* [RECORDED INFORMATION]

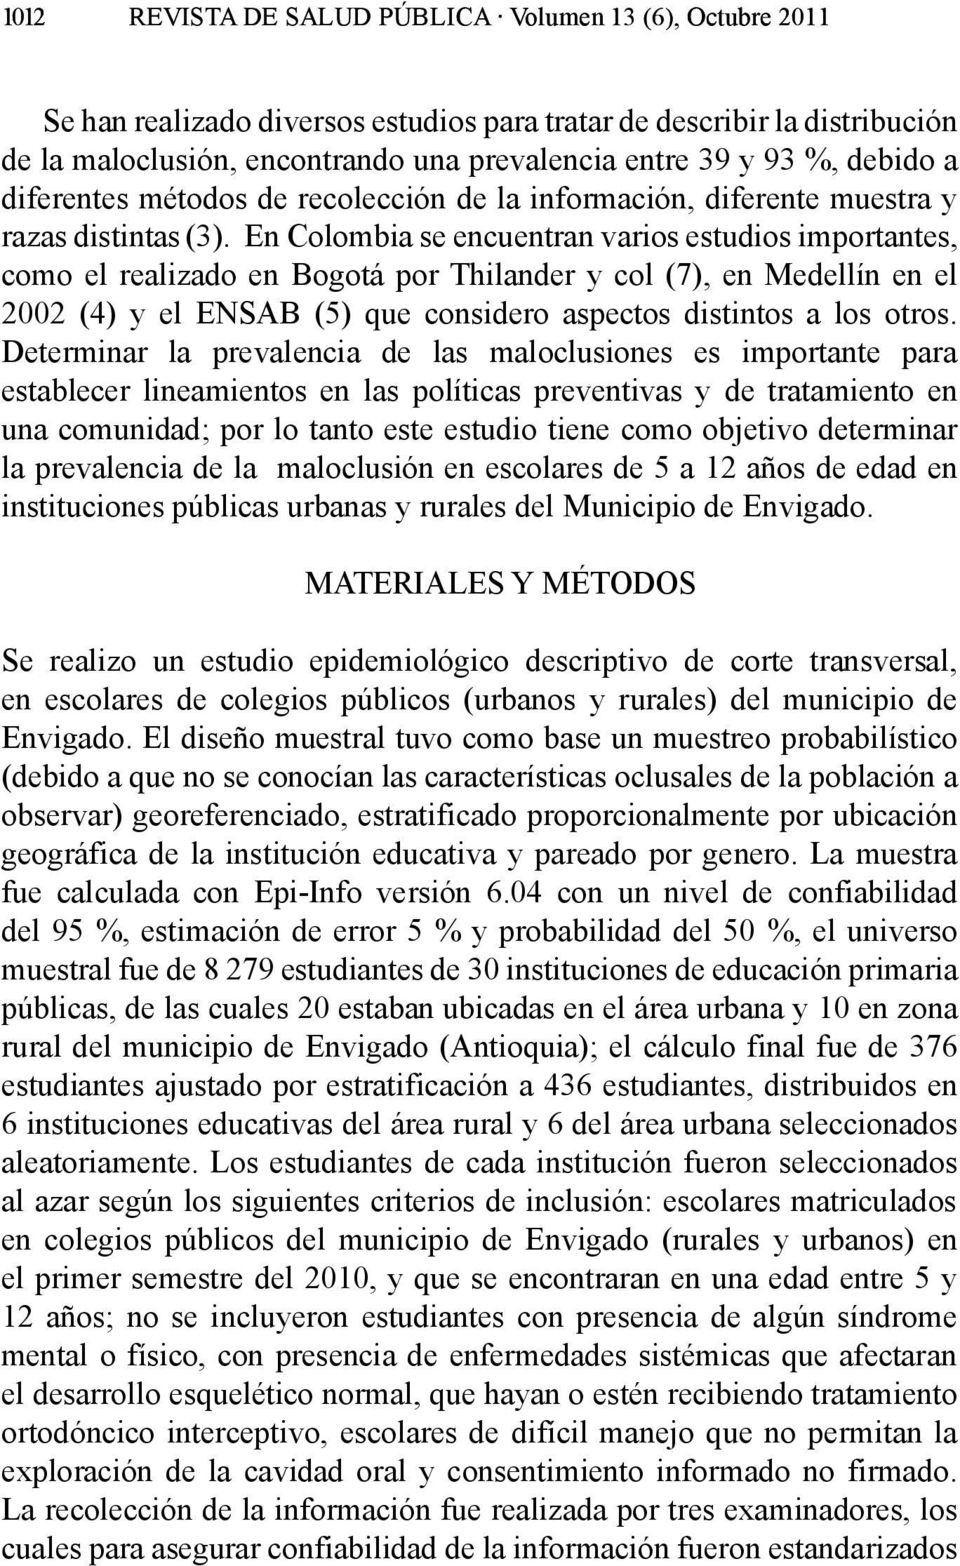 En Colombia se encuentran varios estudios importantes, como el realizado en Bogotá por Thilander y col (7), en Medellín en el 2002 (4) y el ENSAB (5) que considero aspectos distintos a los otros.
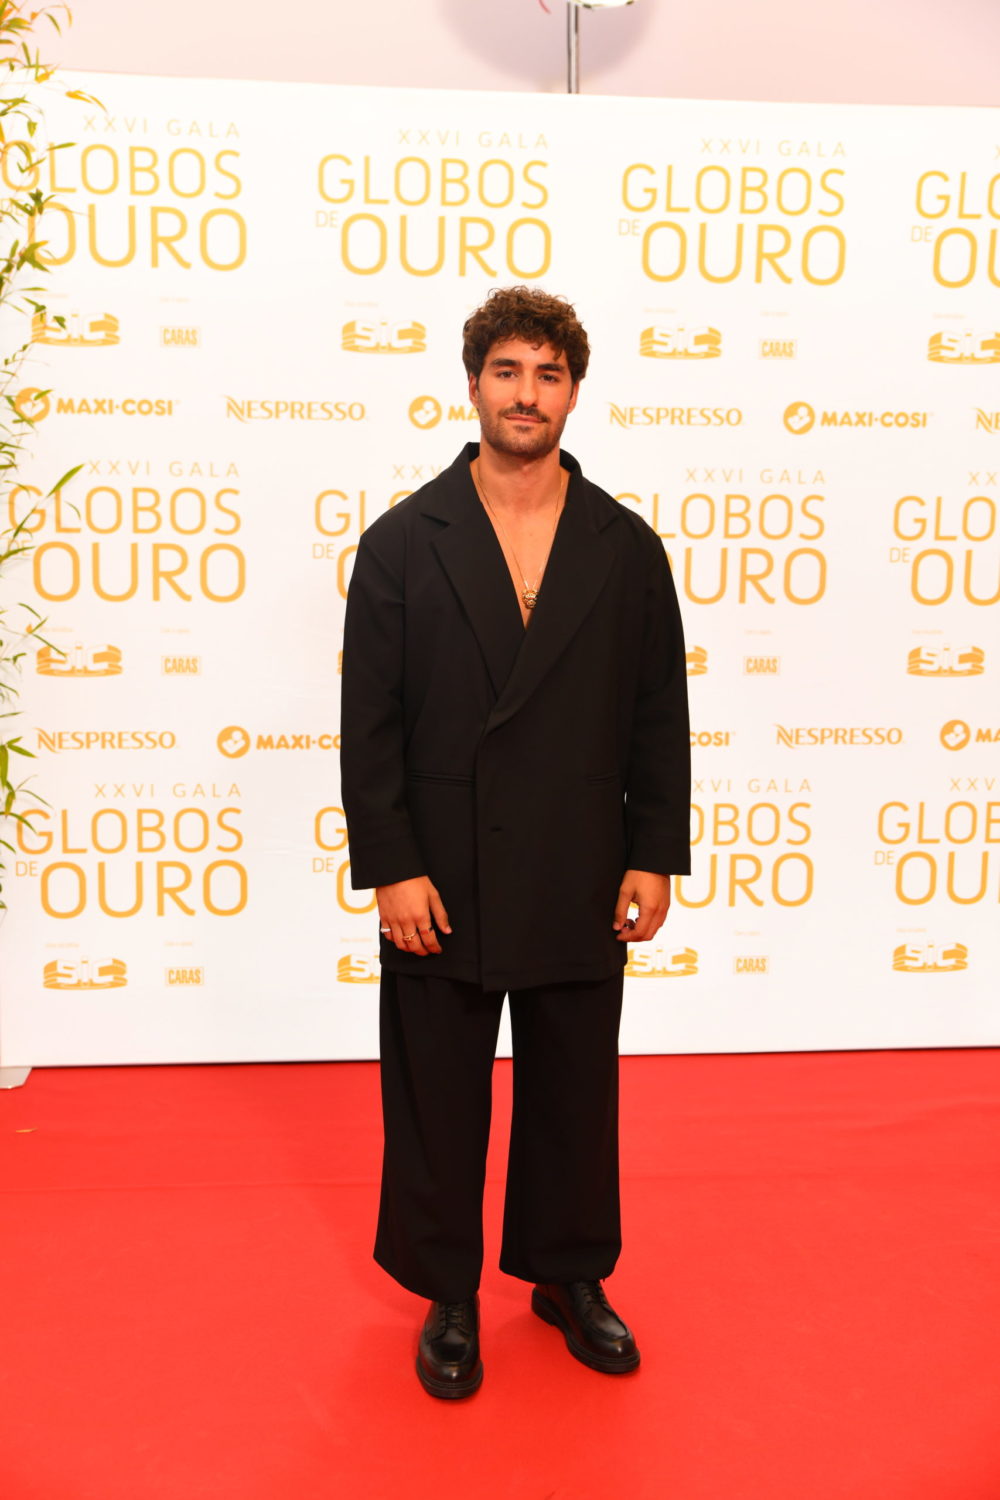 Globos de Ouro: Homens portugueses arrojam com visuais cheios de personalidade
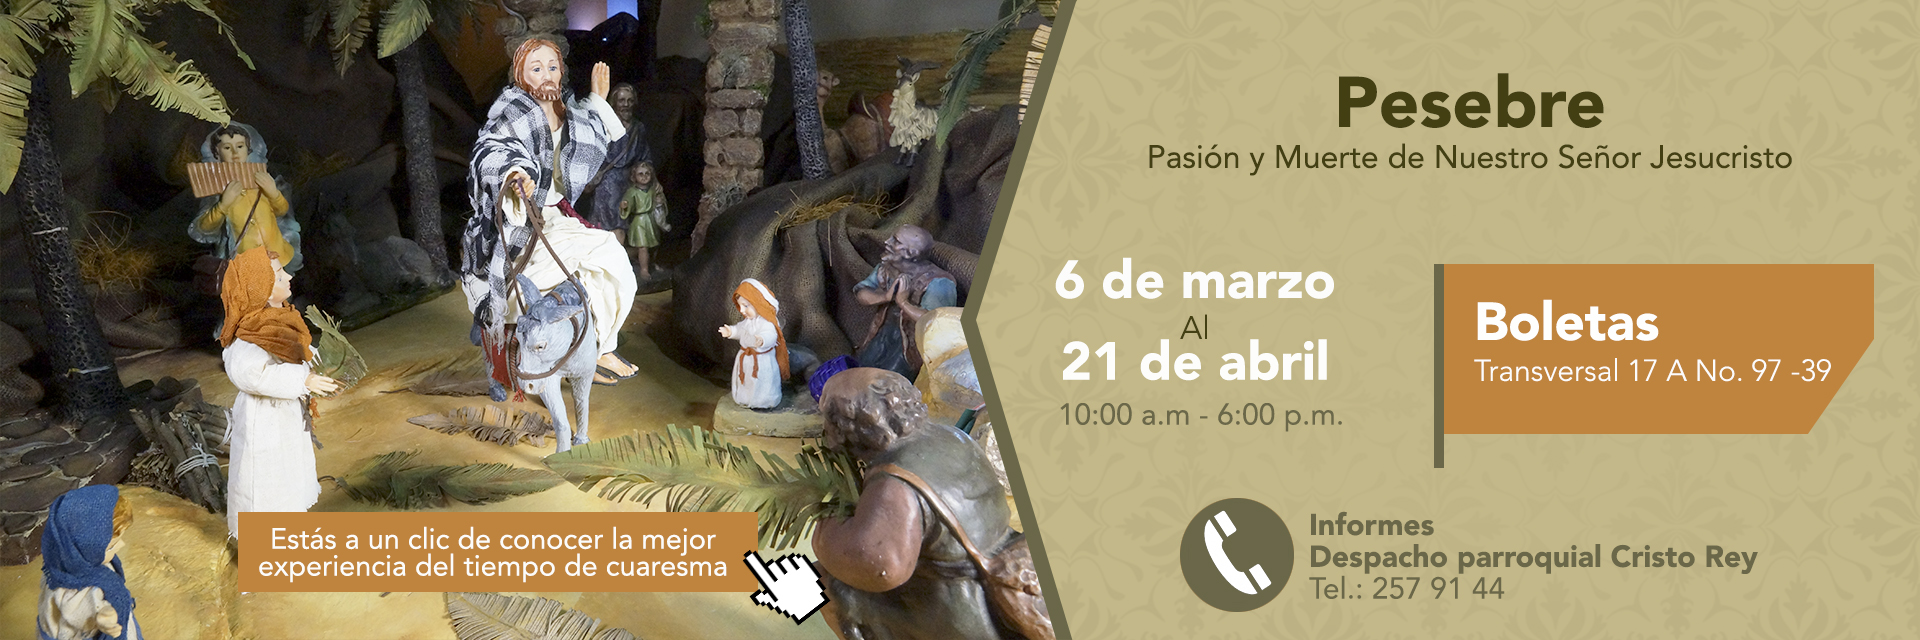 Invitación - Pesebre: Pasión y Muerte de Nuestro Señor Jesucristo |  Arquidiócesis de Bogotá

* [BRIEF] With the pictures left out, give again exactly the lines from the one with "Globos de Ouro: Homens" through the end of the data, both included.

* [PROBLEM SOLUTION]
 Globos de Ouro: Homens portugueses arrojam com visuais cheios de personalidade
 Invitación - Pesebre: Pasión y Muerte de Nuestro Señor Jesucristo |  Arquidiócesis de Bogotá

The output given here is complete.